Task goal
Drop the images; return everything else in the listing below exactly.

---------- Stored data

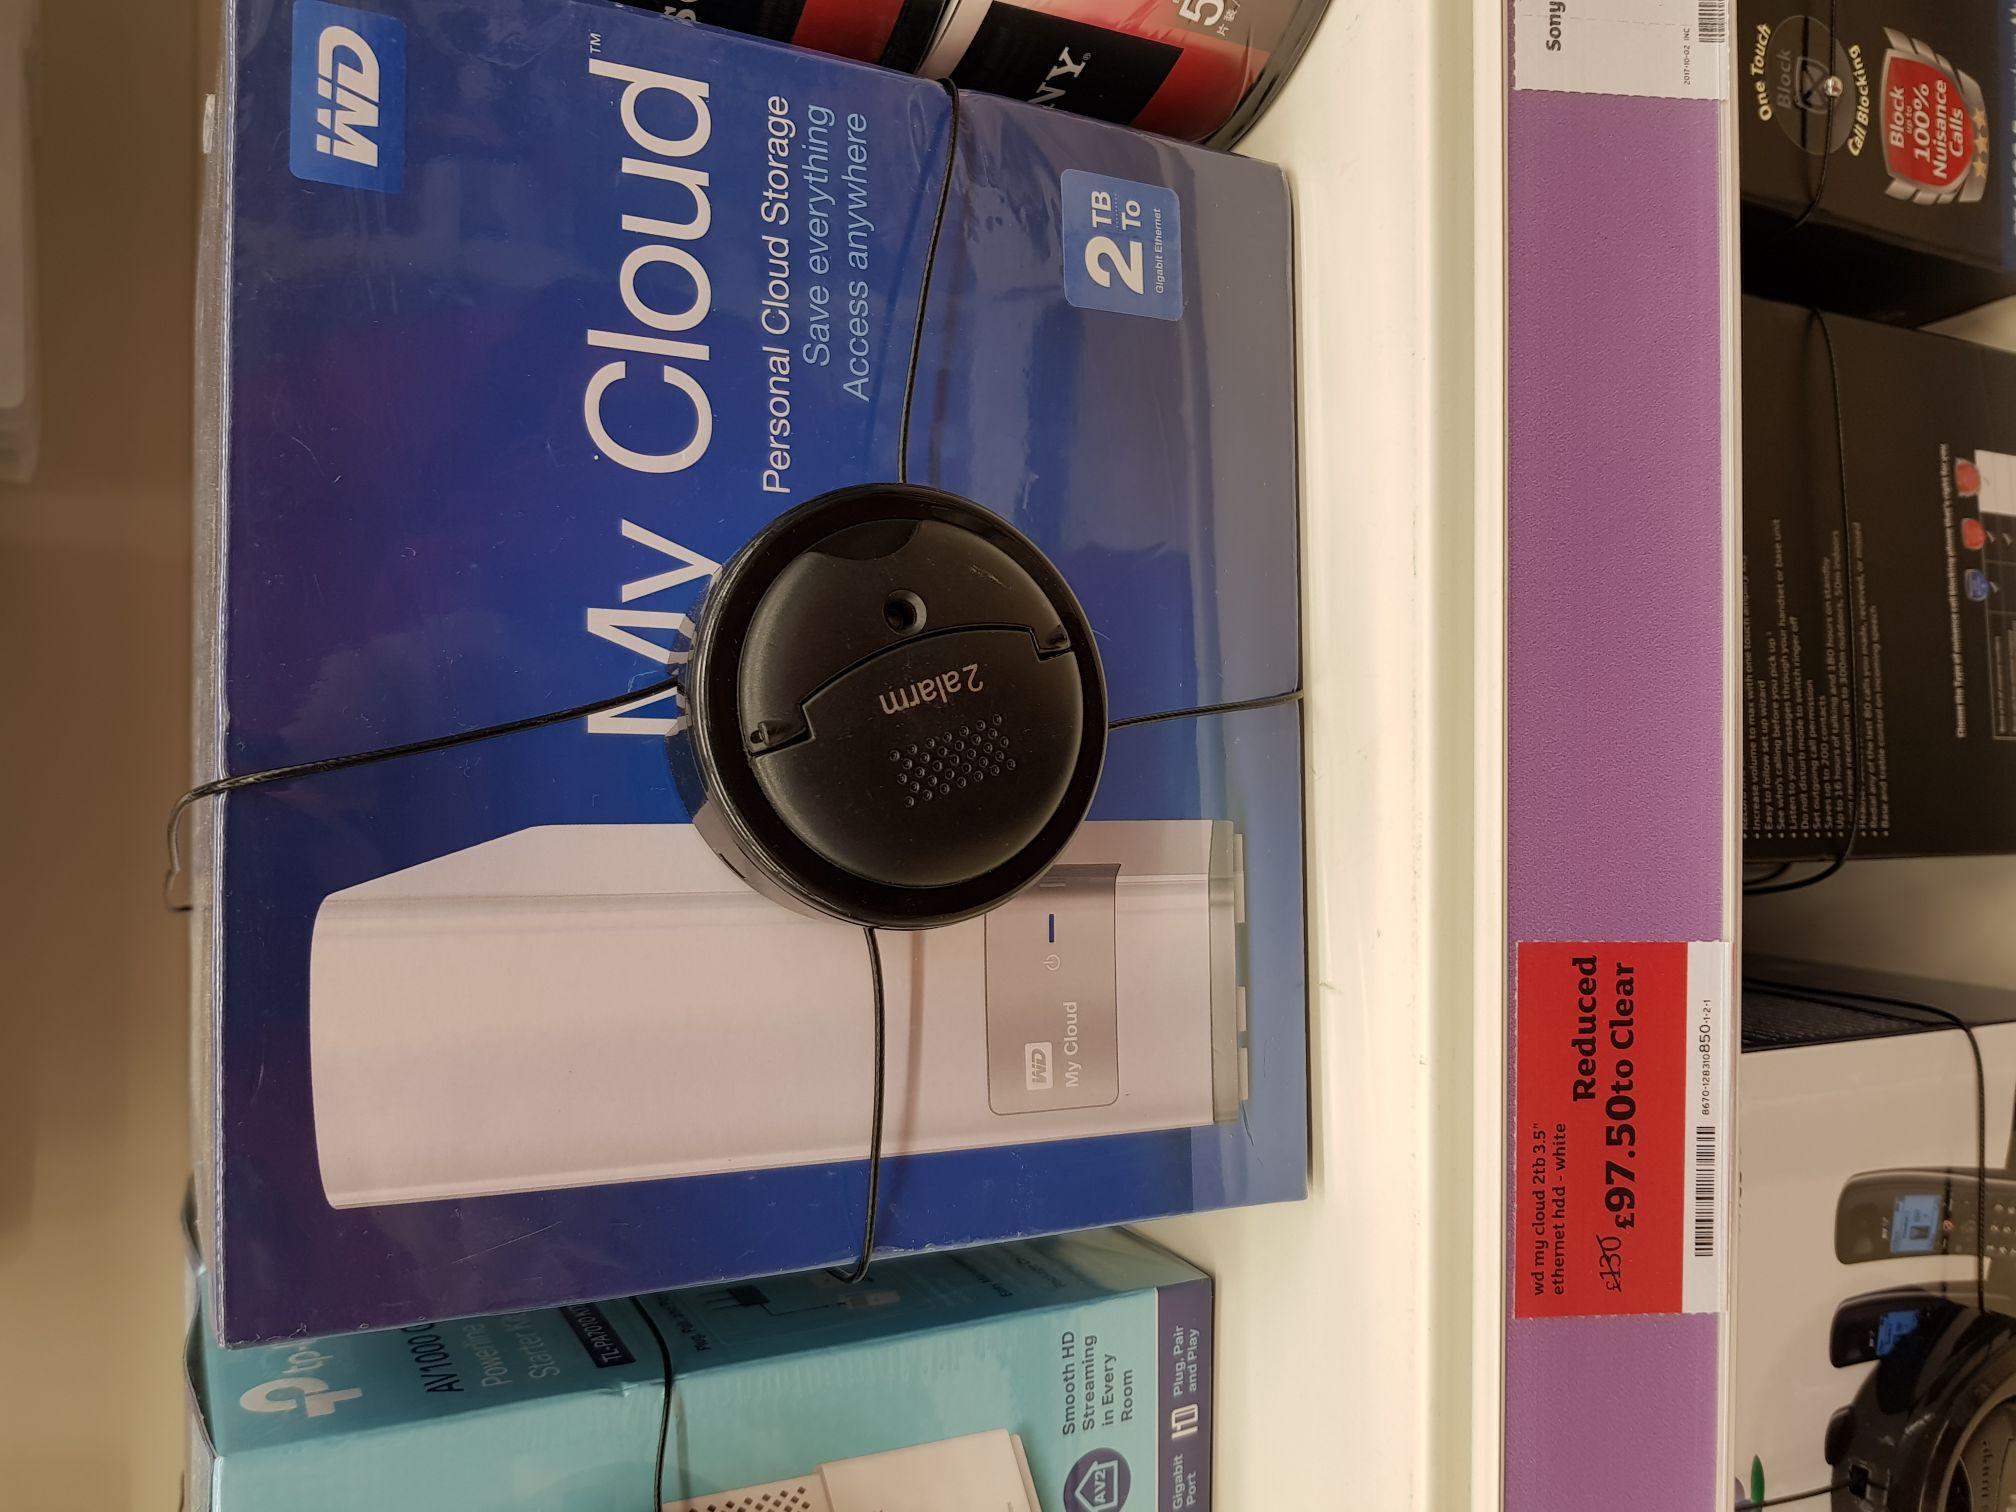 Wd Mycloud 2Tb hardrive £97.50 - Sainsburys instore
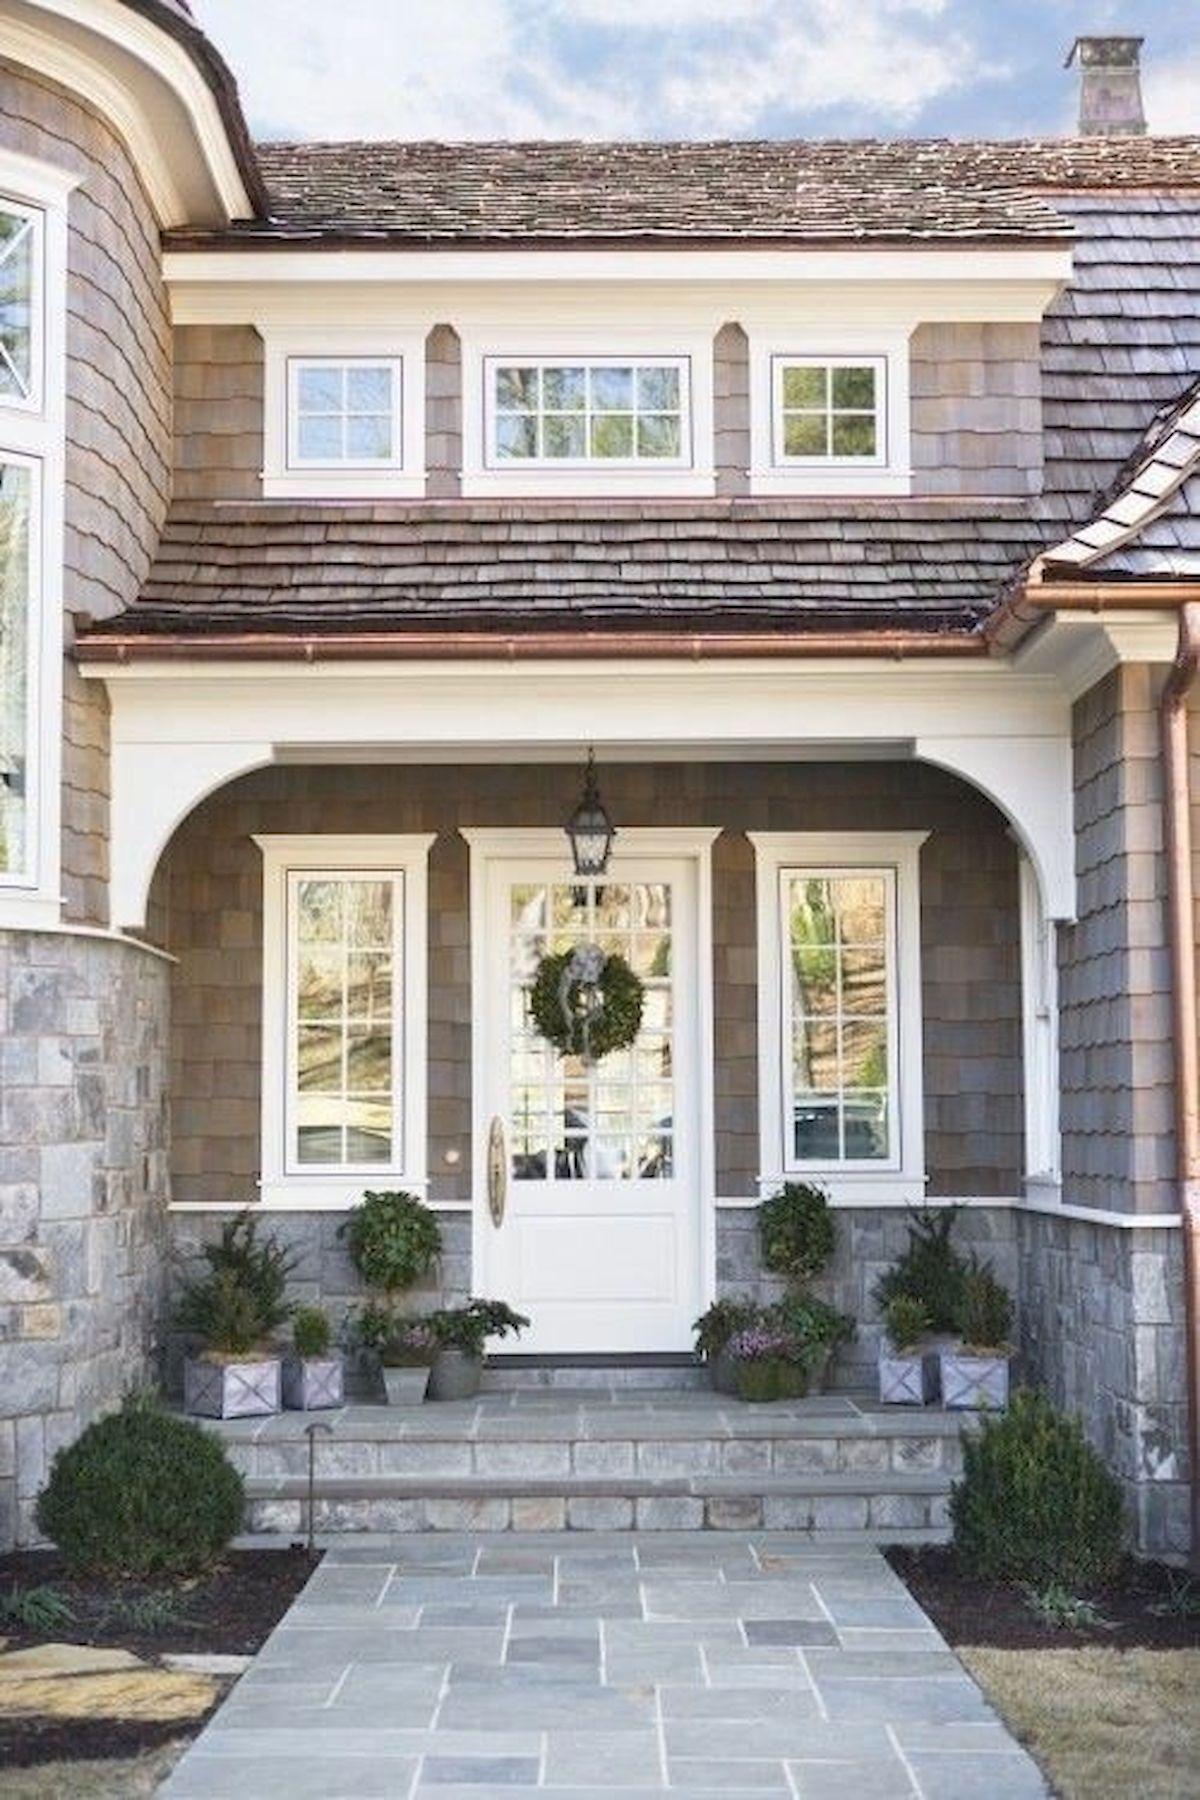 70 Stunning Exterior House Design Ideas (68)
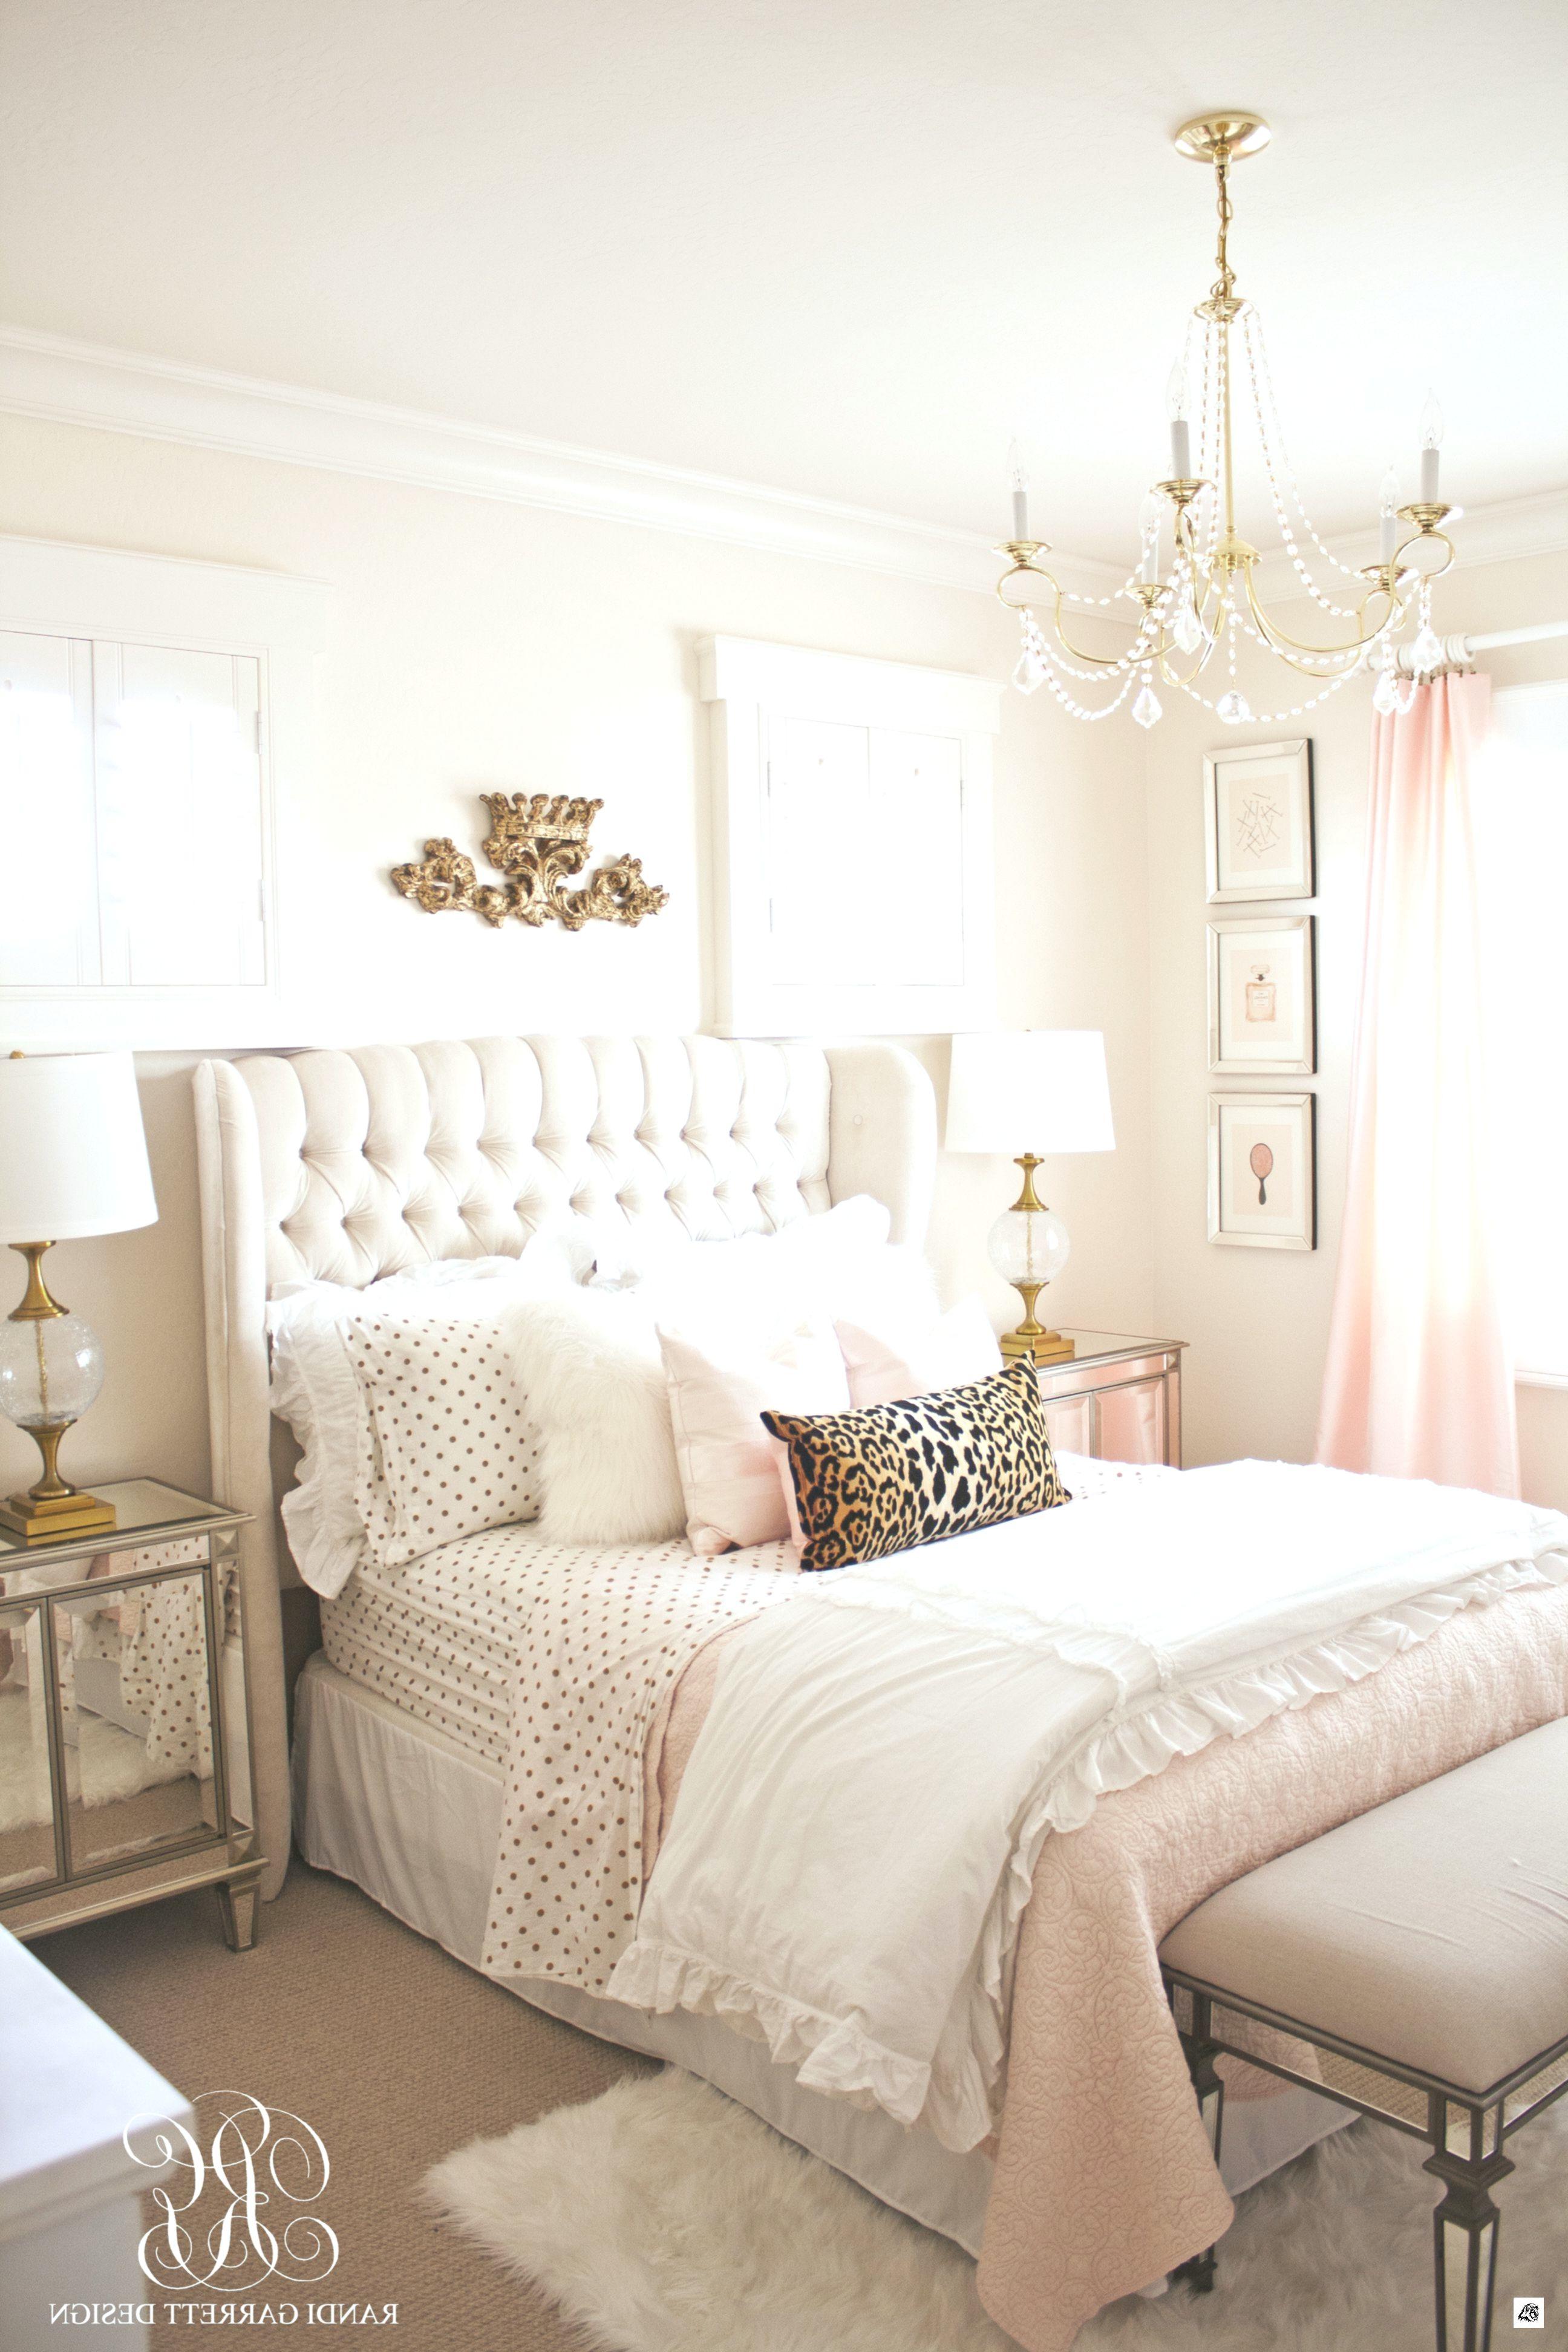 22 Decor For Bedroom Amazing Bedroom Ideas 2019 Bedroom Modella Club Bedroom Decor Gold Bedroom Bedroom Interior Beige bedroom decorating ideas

--------------------

Problem solution
 Wd Mycloud 2Tb hardrive £97.50 - Sainsburys instore
 70 Stunning Exterior House Design Ideas (68)
 22 Decor For Bedroom Amazing Bedroom Ideas 2019 Bedroom Modella Club Bedroom Decor Gold Bedroom Bedroom Interior Beige bedroom decorating ideas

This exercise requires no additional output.